Member of the New Jersey Senate from the 28th district
- In office November 13, 1979 – August 24, 1986
- Preceded by: Martin L. Greenberg
- Succeeded by: Ronald Rice

Personal details
- Born: September 21, 1918 Newark, New Jersey
- Died: August 24, 1986 (aged 67) Orange, New Jersey
- Party: Democratic
- Spouse: Anne Elizabeth Walsh ​ ​(m. 1945)​
- Children: 9

= John P. Caufield =

American politician and public safety official

John Pershing Caufield (September 21, 1918 – August 24, 1986) was an American Democratic Party politician and public safety official from Newark, New Jersey. He served 24 years as the Fire Director for the Newark Fire Department and seven years in the New Jersey Senate.

==Biography==
Caufield was born on September 21, 1918, in Newark, the seventh of thirteen children, to James Caufield, a fireman, and Louisa Doll. He attended Sacred Heart School in Vailsburg and Seton Hall Prep before enlisting in the United States Navy following the Pearl Harbor attack. He married Anne Elizabeth Walsh before his discharge in 1945 and had nine children with her. They lived in the Vailsburg neighborhood of Newark. Prior to becoming Fire Director, he worked as a Newark policeman, a court attendant, a court clerk, and a lieutenant in the Essex County Prosecutor's Office.
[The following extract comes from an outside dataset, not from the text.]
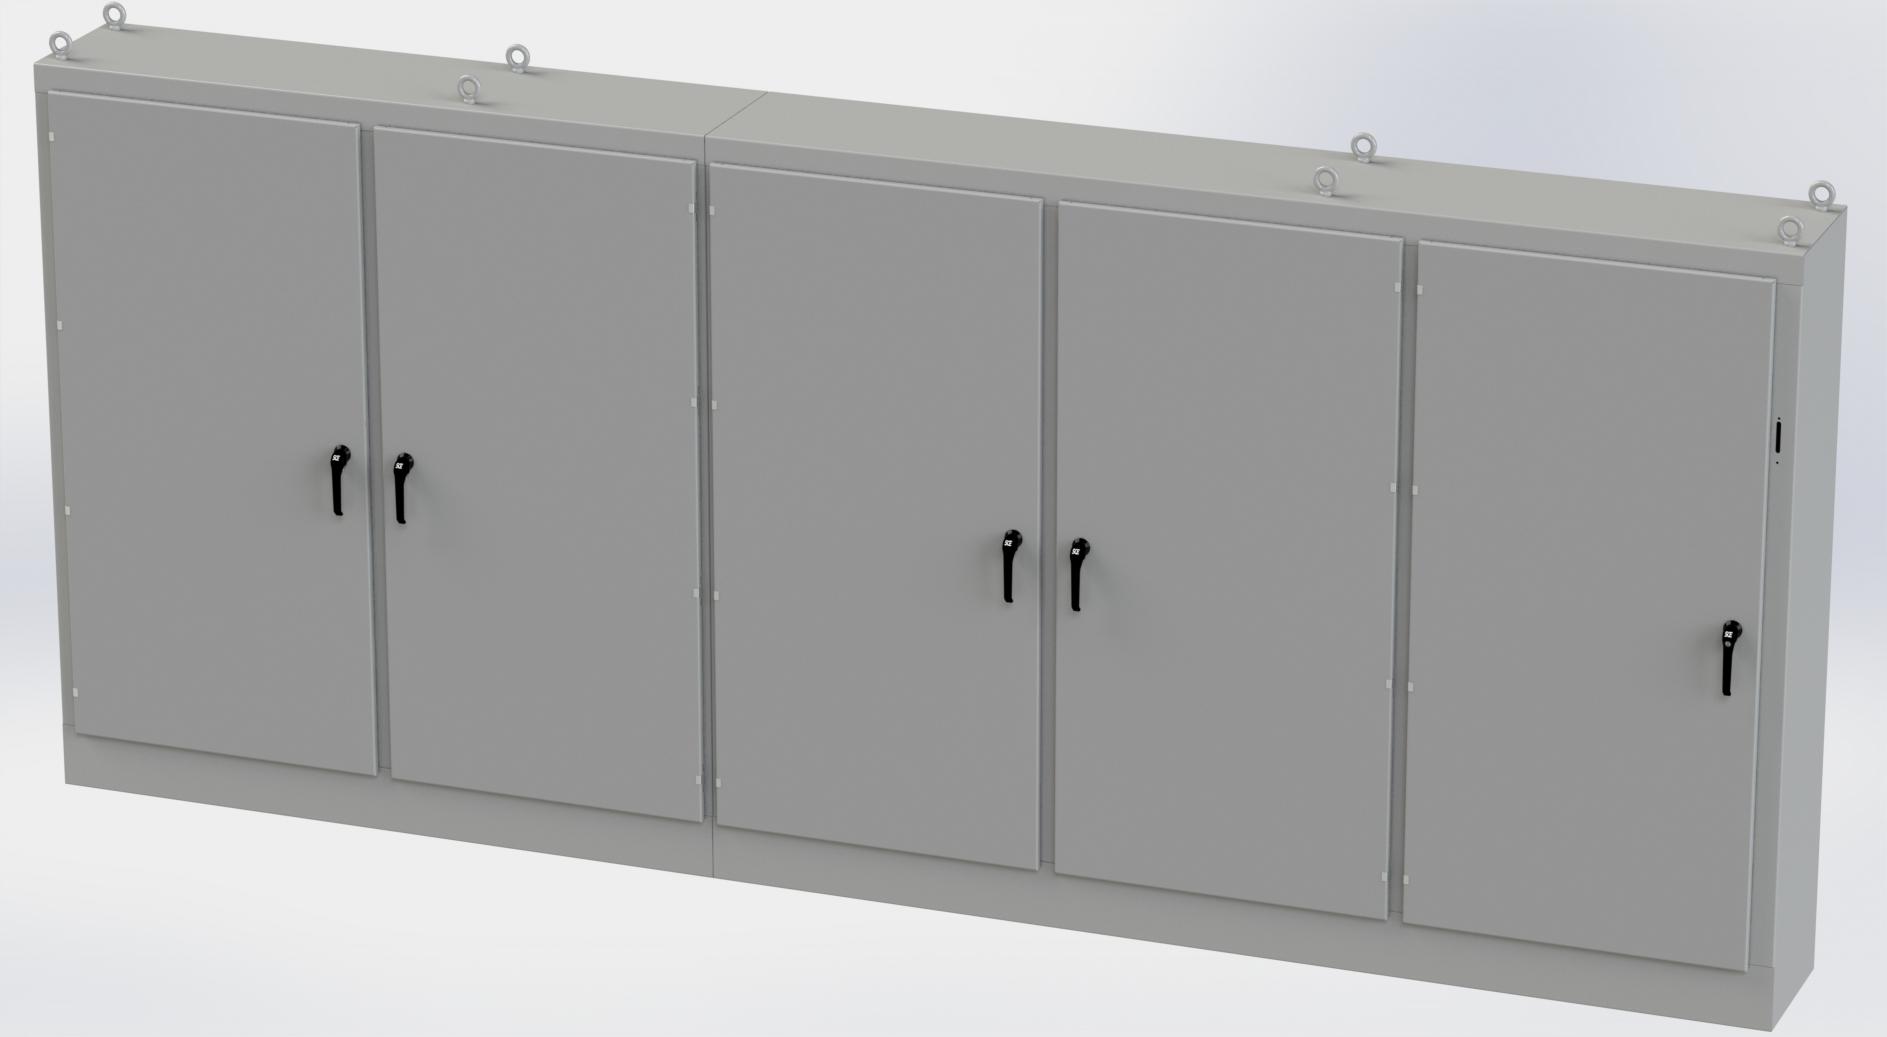 Saginaw Control SCE-84XM5EW18G 5DR XM Enclosure, Height:84.00", Width:196.75", Depth:18.00", ANSI-61 gray powder coating inside and out. Sub-panels are powder coated white.

Beginning in 1962, he was appointed Newark Fire Director. During the 1967 riots, he was at the scene of Engine Company #11 Captain Michael Moran's death when he was shot by a sniper's bullet. In 1970, he was fired by Mayor Hugh Addonizio because of Caufield preparing to run for mayor himself. In the May 1970 mayoral primary, Caufield placed fourth behind Kenneth A. Gibson, Addonizio, and activist Anthony Imperiale. As Gibson received less than 50% of the vote, he was forced into a runoff election with Addonizio to be held in June. Caufield endorsed Gibson in the runoff. After Gibson won the runoff and was inaugurated, Caufield was reinstated as Fire Director.

In 1979, Caufield was one of two Democratic organization-backed candidates for the office of Member of the General Assembly from the 28th district. He and Harry A. McEnroe won the primary against seven other candidates. However, incumbent State Senator Martin L. Greenberg resigned in August 1979 requiring a special election to be held that November. Local Democratic committee persons selected Caufield to be the nominee for Senate in the special election which he subsequently won. He was reelected to full terms in 1981 and 1983. While in the Senate (and continuing to hold the post of Newark Fire Director), he chaired the State Fire Safety Commission and introduced legislation in 1983 for a uniform statewide fire code.

In July 1986, following the inauguration of Sharpe James as Newark's new mayor, Caufield resigned from the position of Fire Director. He died a few weeks later on August 24 at St. Mary's Hospital in Orange of unknown causes. He was succeeded in the Senate by Ronald Rice.